В художественных произведениях представлено в основном произведениями про Ермака Тимофеевича, однако это только начальный период, что в принципе дает широчайшие возможности творчества для последующего периода, который длился вплоть до Красного Октября. Весьма атипичное, но значимое произведение — «Богатство» Валентина Пикуля, о молодом журналисте, получившем от дальневосточного генерал-губернатора должность губернатора дикой Камчатки аккурат перед русско-японской войной. Там его ждали коррумпированные торговцы пушниной, обманутые аборигены-камчадалы, новый друг — колоритнейший казачий урядник (и в его закромах склад берданок для ополчения), ещё один новый друг — не менее колоритный таёжник, сражения за свободу Камчатки и подлости от торговцев и нанятого ими единственного на всю Камчатку доктора-пьяницы, с помощью которого акулы фронтирного на…бизнеса попытались объявить некоррумпируемого идеалиста сумасшедшим.
В Забайкалье отдельным предметом культа является роман Константина Седых «Даурия» о судьбах забайкальских казаков в эпоху революции и гражданской войны.
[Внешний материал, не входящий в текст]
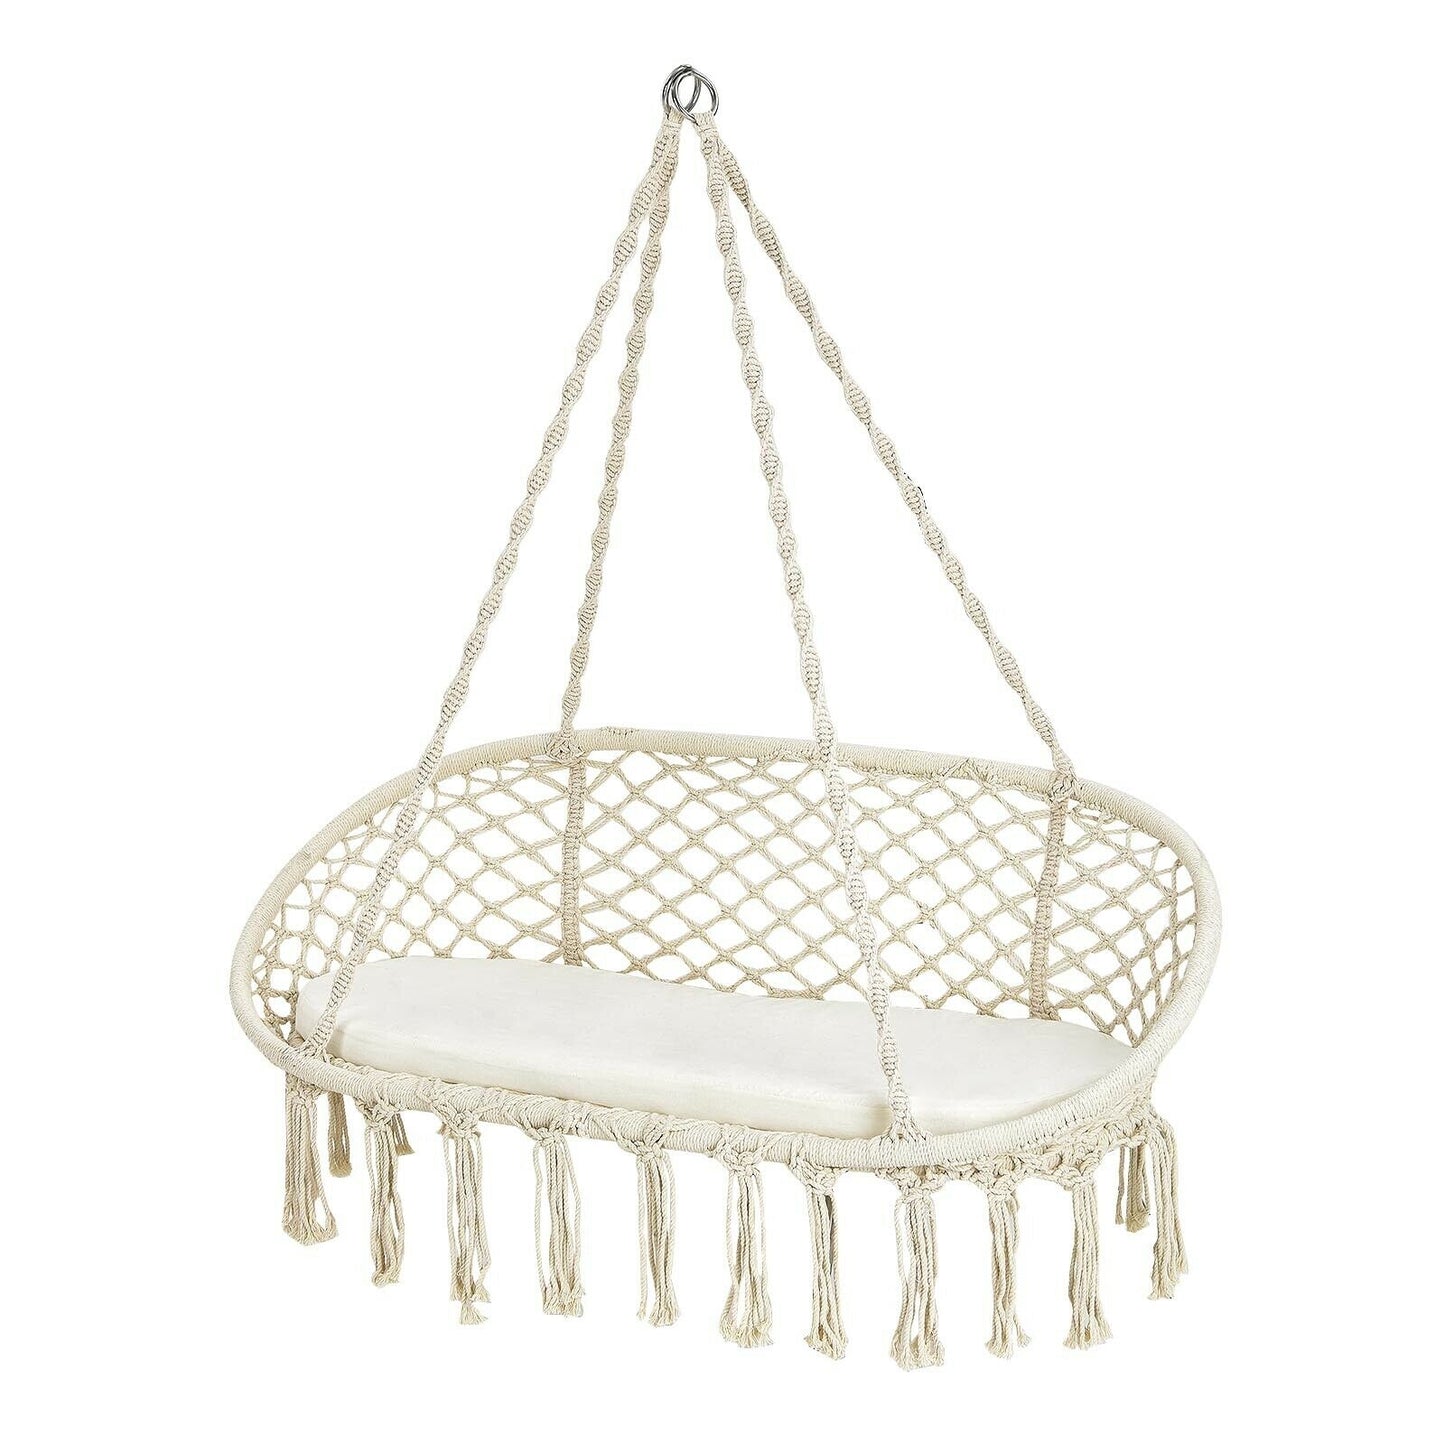 2 Person Hanging Hammock Chair with Cushion Macrame Swing-Beige

За пределами края его знают по знаменитой советской экранизации, в которой среди исполнителей главных ролей засветились Виталий и Юрий Соломины, Василий Шукшин и Ефим Копелян.
в 1978 на Свердловской киностудии по мотивам романа Н. Доможакова «В далёком аале» (первый роман на хакасском языке) В. Г. Лысенко снял фильм «Последний год Беркута», действие которого происходит в 1922 в Хакасии. Завязка — в степи нехорошие люди стреляют в табунщика, конь уносит его далеко от места происшествия. На раненого натыкается бывший красный партизан Фёдор Полынцев, который с женой и маленькой дочкой едет в Минусинск. Фёдор пытается оказать раненому медицинскую помощь, но его берут в плен хакасы, уверенные, что стрелял именно Фёдор. Нехороший шаман подтверждает эту версию. К счастью, Фёдора защитил отряд Красной армии. А впереди — шпионская линия заговора хакасских националистов и белых офицеров во главе с таинственным главарём бандитов по прозвищу «Беркут». Их цель — захват бароном Унгерном Минусинска и свержение Советской власти в Хакасии. Вот только барона расстреляли еще в 1921…
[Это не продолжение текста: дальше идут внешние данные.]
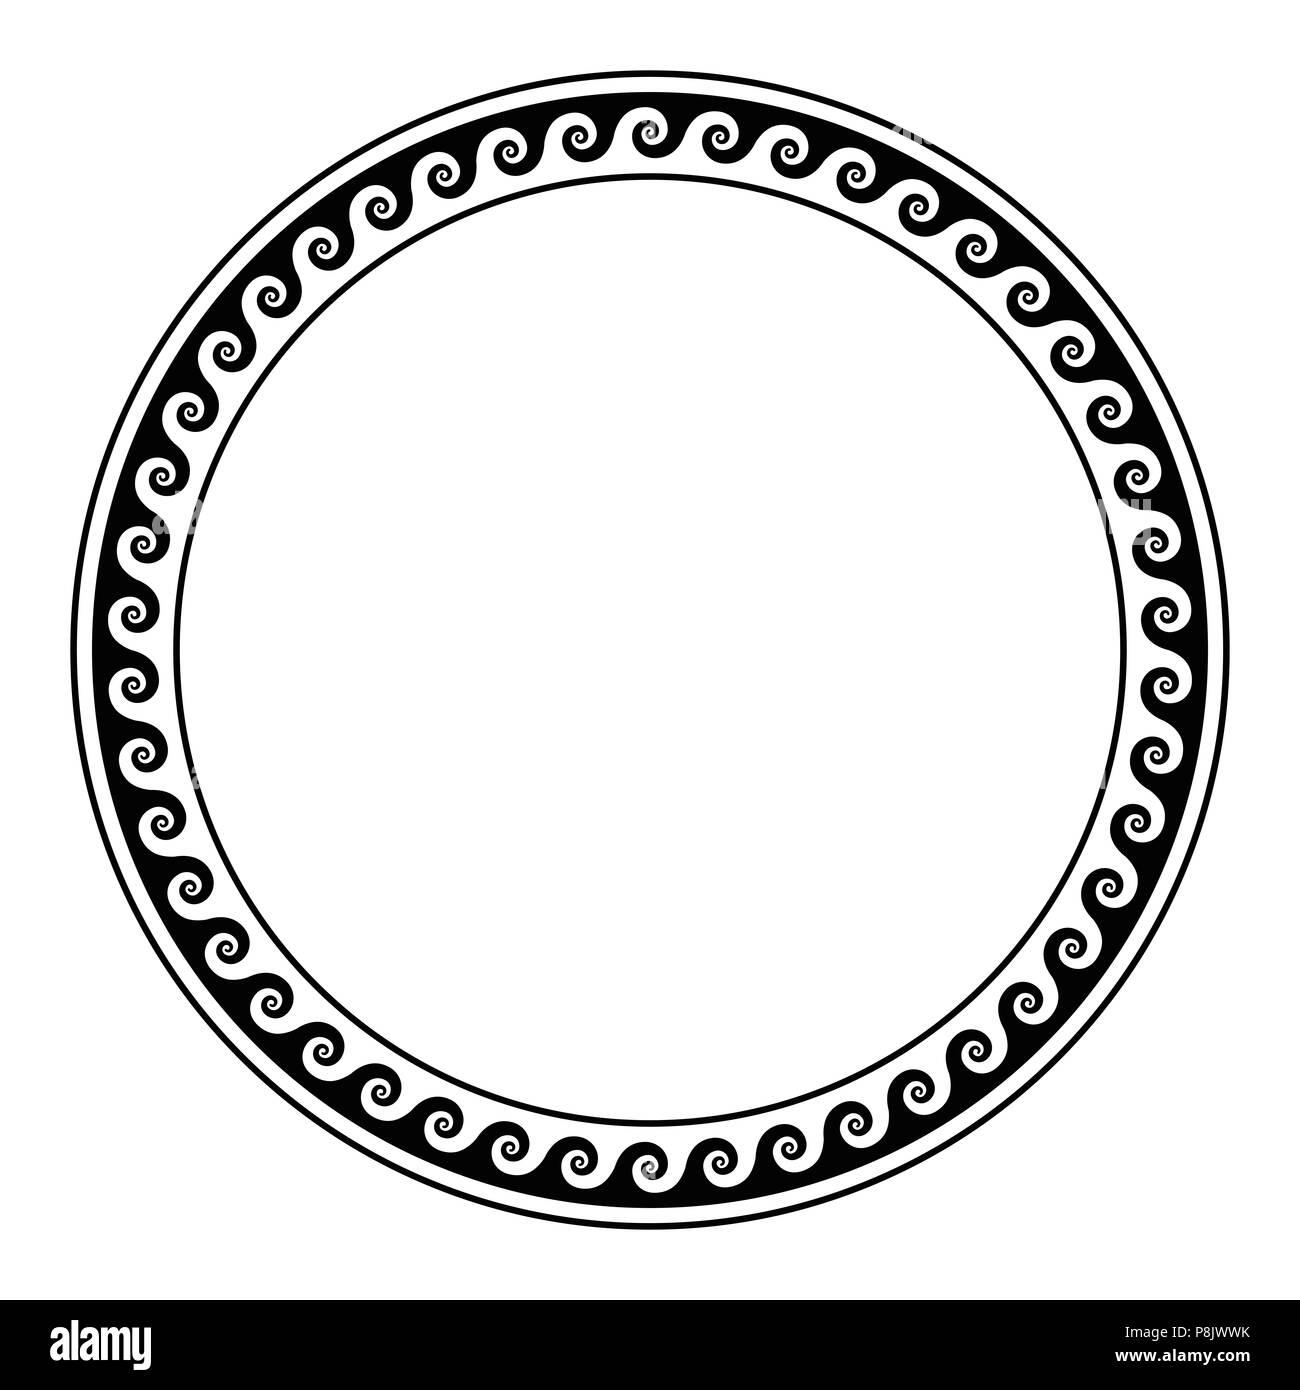 Circle frame, made with running dog pattern. Seamless meander design over white. Waves shaped into repeated motif. Scroll pattern. Stock Photo

Некоторый положительный толчок теме на рубеже тысячелетий дало творчество Алексея Иванова — в частности, его исторические романы «Сердце пармы», «Золото бунта», «Тобол», о временах, когда фронтиром был ещё Урал, либо когда Сибирь толком осваивали, либо когда Урал оправлялся после хаоса пугачёвщины. Некоторые рудименты своеобразного «уральского истерна» можно найти даже в его романе «Ненастье» уже о 1990—2000-х. Но кроме последнего, никакой из романов пока так и не получил достойной экранизации, особенно это касается «Тобола», от которого в сериале настолько мало осталось, что Иванов убрал своё имя из титров. В 2021 году запланирован выход фильма по «Сердцу Пармы», так что ждём, что получится.